I have been an avid VMware VSAN user for two years now, and whilst I am incredibly impressed by how it performs at scale, I feel there are three considerations that need to clarified with regards to how VSAN works, and how its technology has a profound impact on the usability of two and three-node deployments.
Consideration One: Recovery from failure
In VSAN, replication (ignoring erasure coding for now) is based on a RAID1/RAID10 methodology, with there being two components (copies) of each object, and with the components residing on physically separate hosts (I'm ignoring disk stripes because they are not applicable in two and three-node deployments). A third host is used as the witness, which is simply the arbitrator to stop split brain from occurring.
As you can see from the picture below, in a three-node cluster, these two components and witness align nicely to the three hosts. In a two-node cluster the witness is a virtual ESXi host running elsewhere.
So what happens when a host fails? Well, the good news is that the object (VMDK) remains online as there is a secondary copy available from which read/write access can occur. If the host failure is recovered within 60 minutes, nothing much happens, and the out of date component will resync its missing data, and things carry on as usual. However, if the host remains offline for more than 60 minutes, then the secondary component gets marked as "degraded" and therefore cannot be bought back online.

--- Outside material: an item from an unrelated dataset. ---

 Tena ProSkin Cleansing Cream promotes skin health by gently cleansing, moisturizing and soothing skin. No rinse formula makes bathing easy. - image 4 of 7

No problem you say, VSAN has the ability to "repair" the missing objects (recreate them) - akin to a RAID rebuild, right?
Well, not so...
You see VSAN won't simply overwrite the now degraded components. Instead it requires a totally separate host onto which it will begin the replica recreation process. Interestingly, there is no fourth host. This is a three-node (or even a two-node) cluster, so nothing happens. The VMs keep running with a single component (basically just in RAID0).
So, how do you fix this?
It's as simple (or elegant) as you might think. It requires the administrator to create a new storage profile, with FTT=0, and then for ALL VMs on that cluster to be manually assigned to that storage profile (thereby removing all data redundancy for the duration). Once that is done and all VMs are back "in compliance", the admin then needs to manually reassign ALL VMs back to the original storage profile, with FTT=1, and then wait for all replicas to be recreated (which can take several hours). And remember, while the replicas are being recreated, there is no data redundancy. Also, the cleanup of the outdated replicas is manual, so you need to go through the datastore browser and delete these orphaned files.
I do wonder - why would VSAN not just move the witness role to the recovered host, and then use the old witness host as the rebuild target? Seems logical to me. Maybe someone from VSAN engineering knows...

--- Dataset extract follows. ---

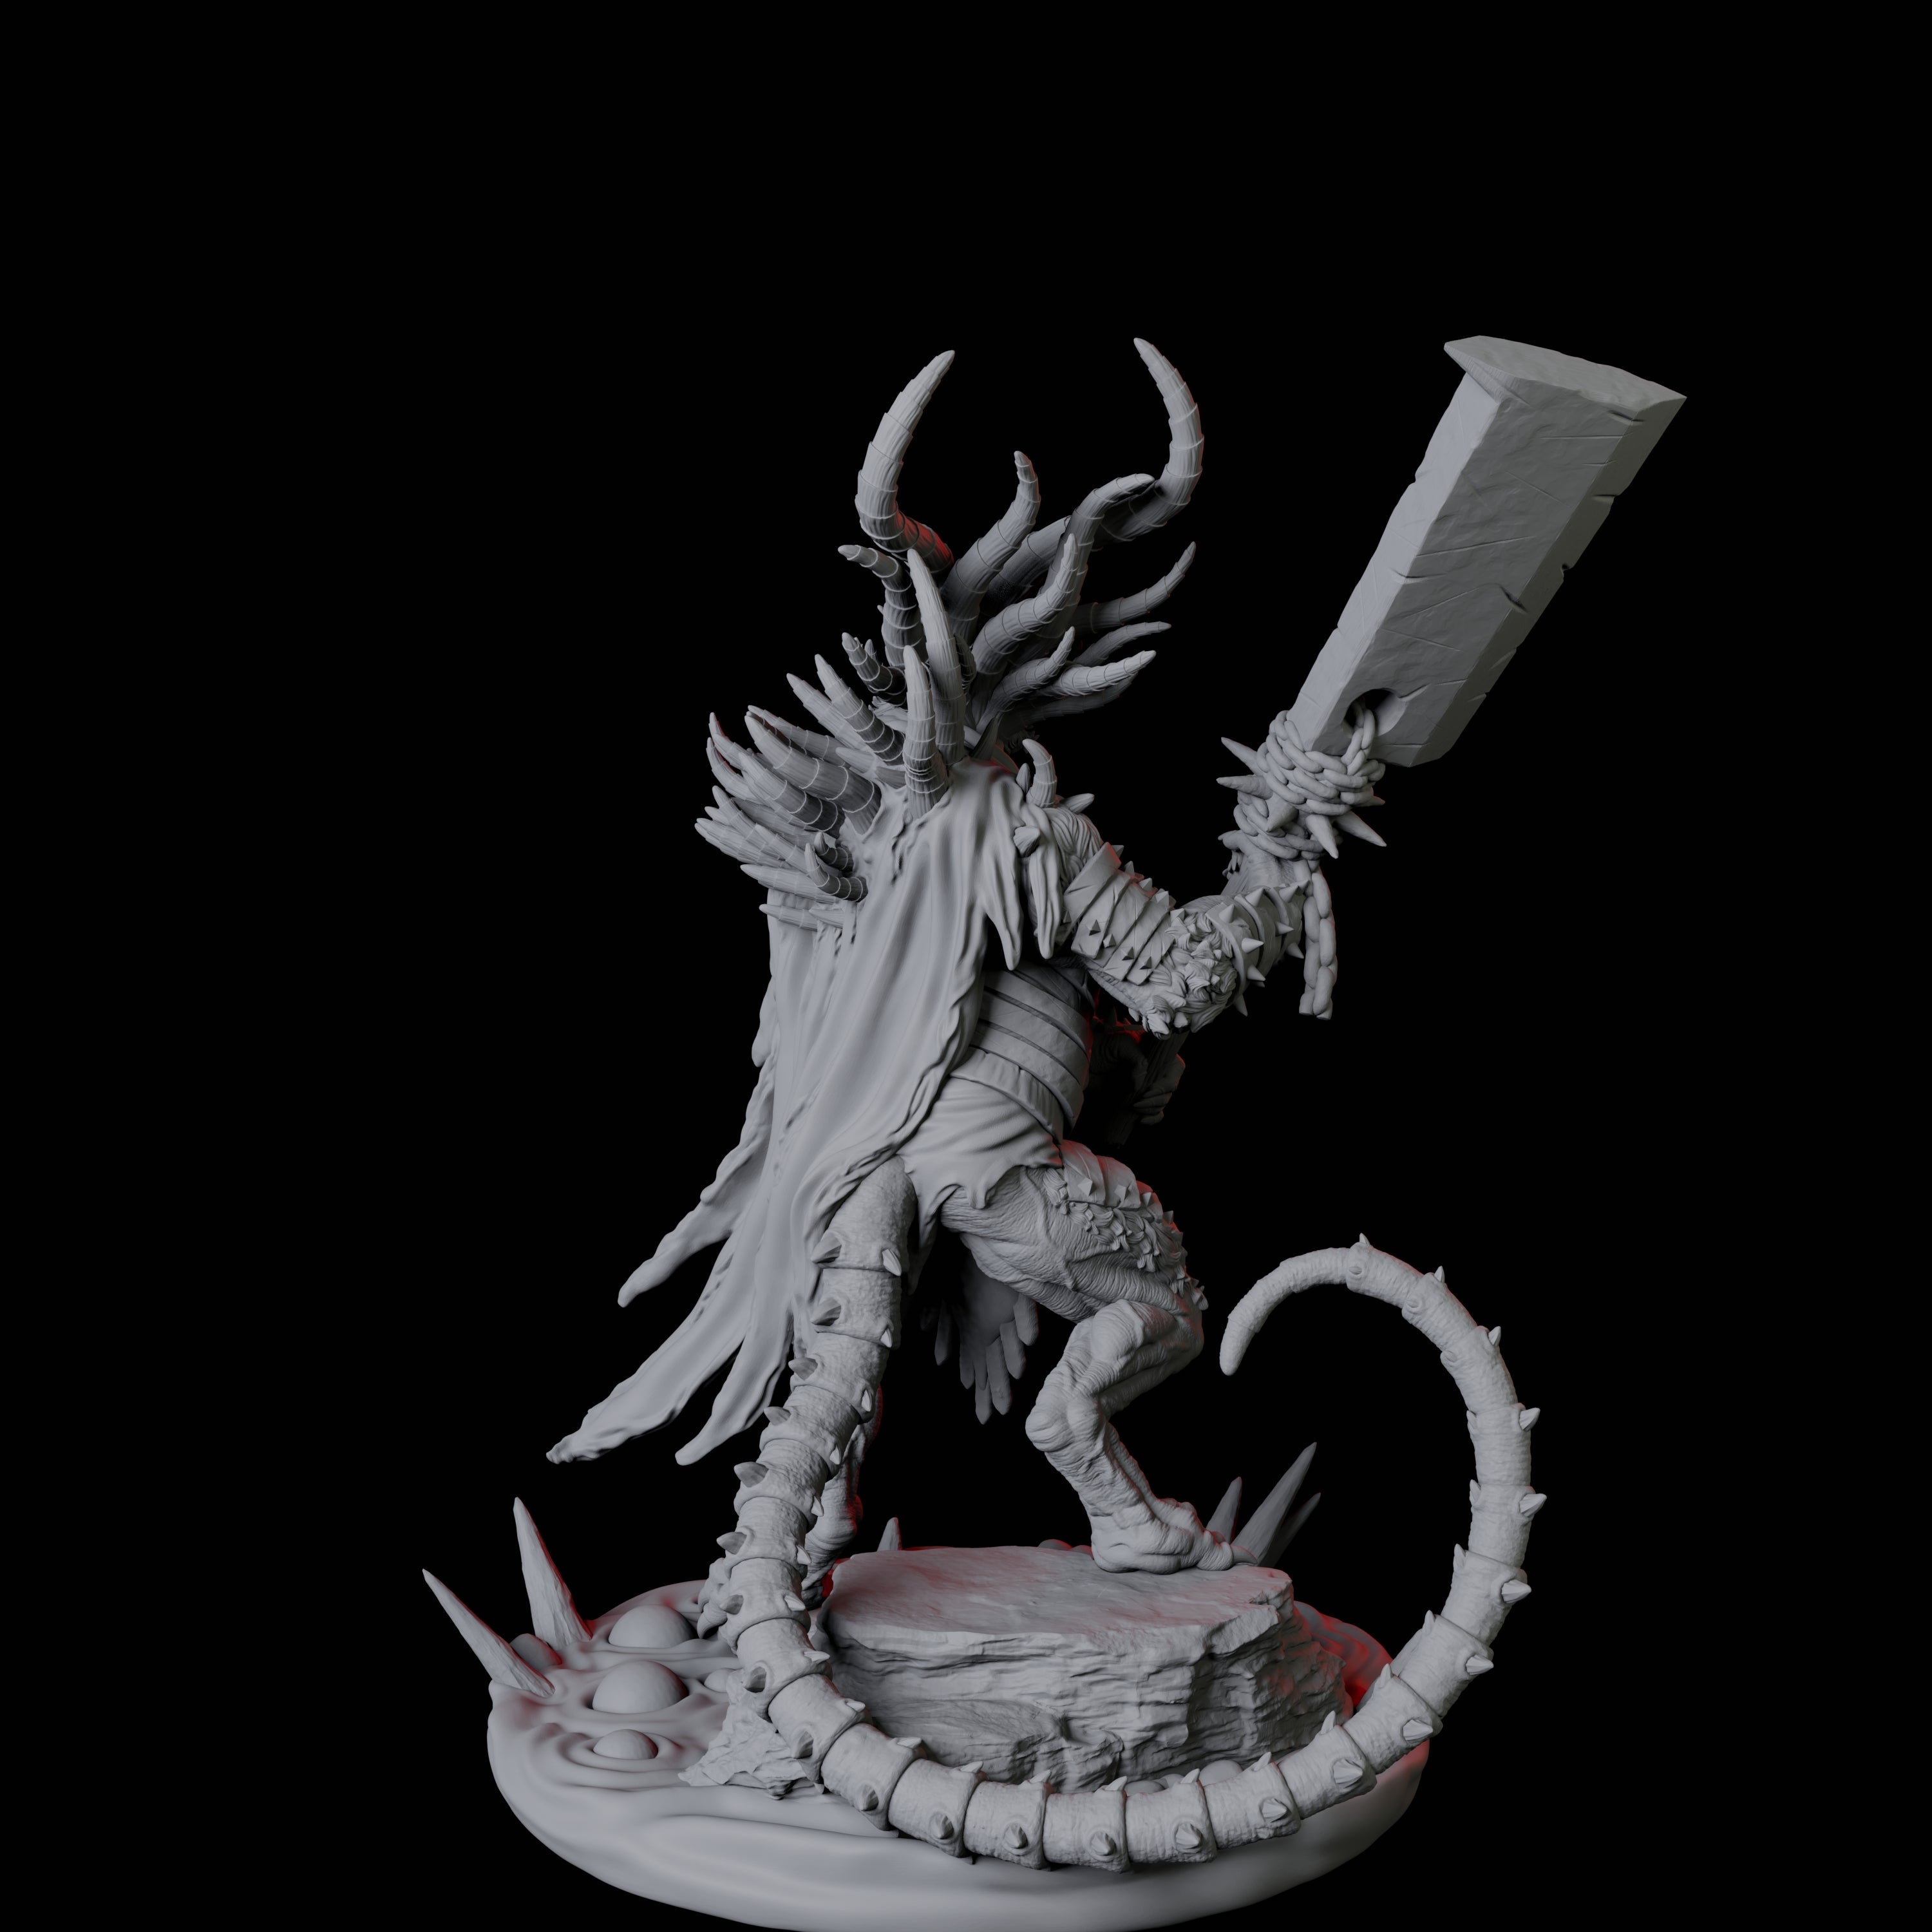 Ratfolk Filth Paladin A Miniature for Dungeons and Dragons, Pathfinder or other TTRPGs

Consideration Two: Maintenance Mode
In a VSAN cluster, when taking a host offline for maintenance, it is important to select he correct data migration options. Ensuring accessibility is pretty much the default behaviour, and ensures that objects will not be taken offline as a result of shutting down the host (really only an issue for FTT=0). Full data migration is required if the host will be offline for an extended period of time (i.e. over 60 minutes), or you want to ensure that the FTT=1 protection is retained during the maintenance window.
OK, so what's the issue?
Linked to Consideration One; in a two or three-node VSAN cluster, it is impossible to select "full data migration" as this requires an additional host. Also, whilst ensuring that accessibility works and the objects remain online, if the host is offline for more than 60 minutes, then regardless of the maintenance mode setting, the objects on the host being maintained will come back online in a degraded state (and then manual work is needed to recreate them).
My thoughts here are that if a two or three-node configuration is detected, there should be a warning generated stating the considerations.
Consideration Three: vCenter on VSAN
There is much publicity about how to bootstrap VSAN so that it can be operational on a single host, allowing for the installation of vCenter on the VSAN datastore. Whilst this is an awesome concept, and is being used extensively in Management Cluster and ROBO deployments, there is one big issue that is only briefly touched on my William Lam, and that is how to do a clean shutdown of the cluster.
When shutting down a VSAN cluster with vCenter running on it, the only way to achieve this is to drop to CLI and execute commands to stop objects being marked missing/degraded.
If you are running a cluster in this mode, I would strongly recommend testing this process; both on the same network as the cluster (simulating an action whereby you are physically in the DC), and also remote via VPN or whatever other means you have to access.
The need for a clean shutdown is even more important if there are environmental issues occurring that may have already caused a failure of one host in the cluster; objects may already be in a degraded/missing state, so not performing a clean shutdown would most definitely cause serious issues.
I ask myself - if vCenter on VSAN is such an unusual deployment, why would VMware recommend that VSAN is a perfect use case for Management Clusters? And if it is an expected deployment method, why would they not address the clean shutdown in the GUI (after all, a simple timed/coordinated shutdown would fix this: change the data recovery setting on VSAN, send shutdown command to each host concurrently, timed delay to 5 minutes, then send shutdown command to vCenter VM).
I think that VMware are doing themselves a disservice by claiming that VSAN is perfect for ROBO and three-node clusters. These considerations are what I would call "critical" as they have a direct impact on the stability and durability of the platform. Customers looking to deploy two and three-node environments should be made aware of these considerations so that they can put in place the required operational processes to ensue reliability of the platform.
Oh, and for the record, I am running a three-node management cluster, and I have experienced these issues first hand. I am now about to place an order for a fourth node, as I cannot accept the risks I am exposing myself to in a three-node deployment.
FYI - all three of these considers are covered in VMware documentation, however they are in fine print buried in a very large book.